How Municipal Neglect Is Destroying India’s Cities

The Mahalunge-Maan Town Planning Scheme- the region’s flagship ‘hi-tech city’ – was launched in 2017. Seven years on, flood-line errors, litigation, and a lapsed contractor have left 250 hectares of half-built towers surrounded by dirt tracks, tanker water, and construction debris. Legally RERA-approved buildings now stand in an officially ‘unapproved’ city – or, as planners it, approved projects in an unapproved area.

Housing – When Profit Trumps People

Luxury towers sprout where land is cheapest to grab infrastructure-free profits. Public land reserves for low-income housing remain unbuilt; 42% of Mumbai’s population lives in just 8% of the city’s area.

Previously serene Pune municipal suburbs such as Baner, Kalyani Nagar, and NIBM Road have seen bungalows flipped into restaurants, tuition centres, and hostels without parking, fire access, or waste systems, turning residential lanes into 24×7 traffic corridors.

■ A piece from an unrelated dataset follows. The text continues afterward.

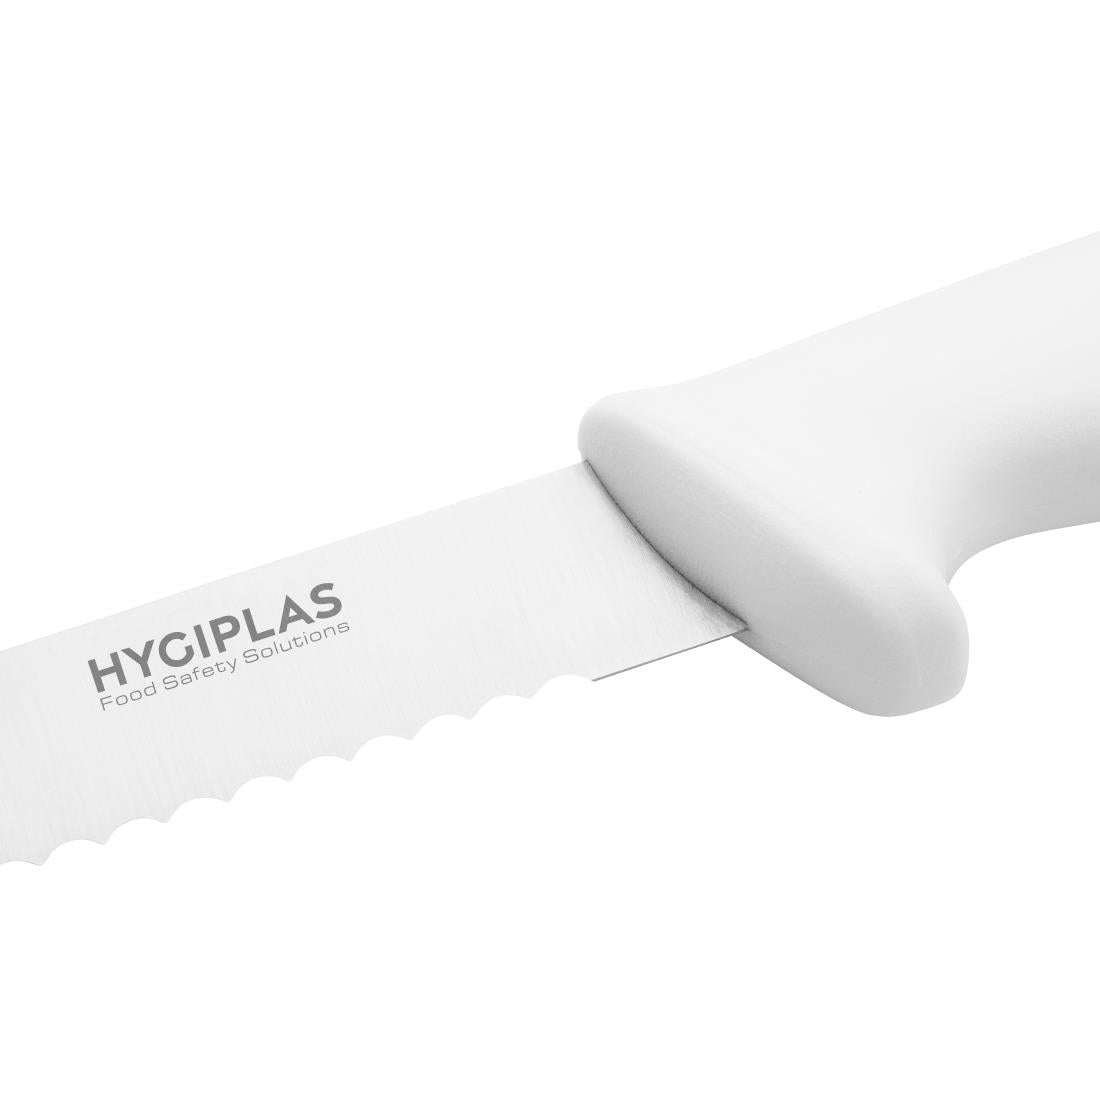 C883 Hygiplas Serrated Slicer White 25.5cm JD Catering Equipment Solutions Ltd

Meanwhile, developers market ‘affordable’ homes but charge premiums for scarce basic services – tanker water, private shuttle buses, diesel generators – raising real household costs far beyond the advertised sale price.

Governance Vacuum

In Pune, three years without elected corporators left the city’s residents chasing departmental signatures for streetlights and pothole repairs. With no general body, municipal corporation budget oversight has vanished, and project slippages have multiplied. As a result, there are bureaucratic bottlenecks for routine civic issues and unrelenting project delays across the city. Similar voids exist in Bengaluru and Chennai.

I recall a statement by veteran architect Christopher Benninger, who called Pune’s chaos “a deliberate strategy to run the metro region as a cluster of feudal fiefdoms” so that land-use can be tweaked opportunistically for private gain.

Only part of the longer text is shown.